Ch-10 Batch Processing With Unix Tools Part 2

December 25, 2021 — 2 Min Read

Reducing side-joins and grouping

In a relational database setting data is usually normalized for faster queries. It is common for a record to have references to other records. Coalescing such data is usually achieved by the means of a JOIN operation. Another alternative is to denormalize data.

It can be expected that a database query is indexed, reducing the time it takes to fetch the records. MapReduce jobs don't have a concept of indexing. This leads to a full table-scan a very costly operation.

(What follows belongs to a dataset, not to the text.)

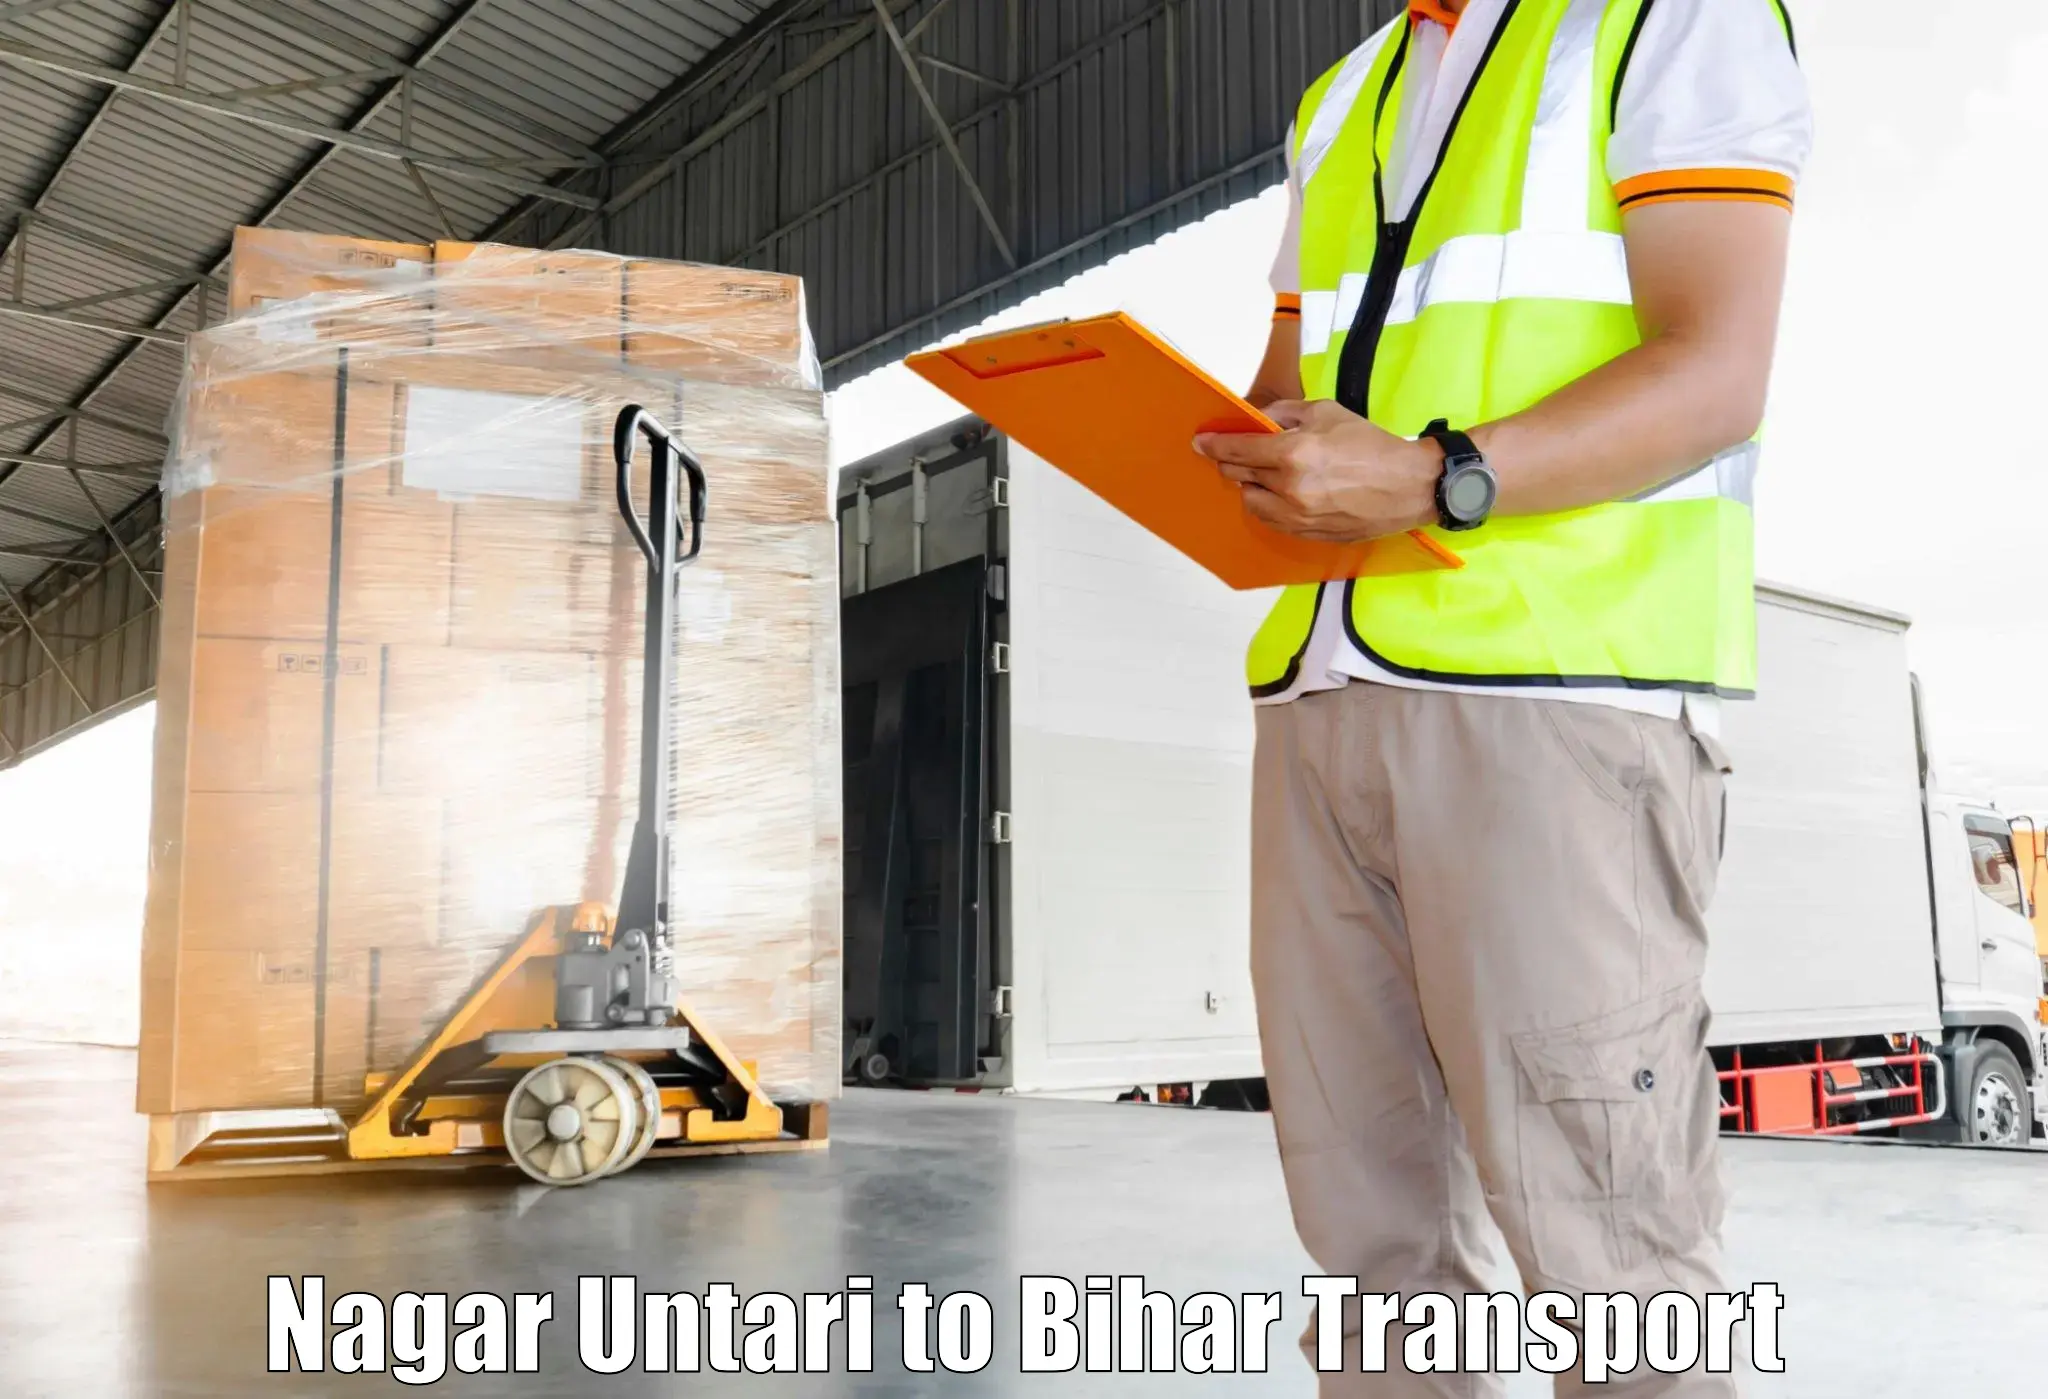 Road transport online services Nagar Untari to Maheshkhunt

We see a common pattern in data processing:

entity	id	log
user	105	clicked button
user	296	viewed profile of 134
user	105	login via email campaign
user	101	changed settings
user	800	searched for keyword
...	...	...

user_id	email	date-of-birth
101	beth@foo.com	1991-05-12
105	opa@kor.ea	1998-10-11
296	singh@bar.co.in	1995-03-23
800	potato@onion.gg	1971-08-07
...	...	...

To aggregate records we would have to perform a join on the user_id field. Joining one by one would reduce the throughput, cache efficiency would depend on data distribution, running a large number of these queries in parallel would overwhelm the database.

To achieve a good throughput the computation should be local to a machine.
We don't want to query a remote database since the results would be non-deterministic in that case.
We copy the database (a backup).
Load it in a distributed file system like HDFS.
Use MapReduce to aggregate the data.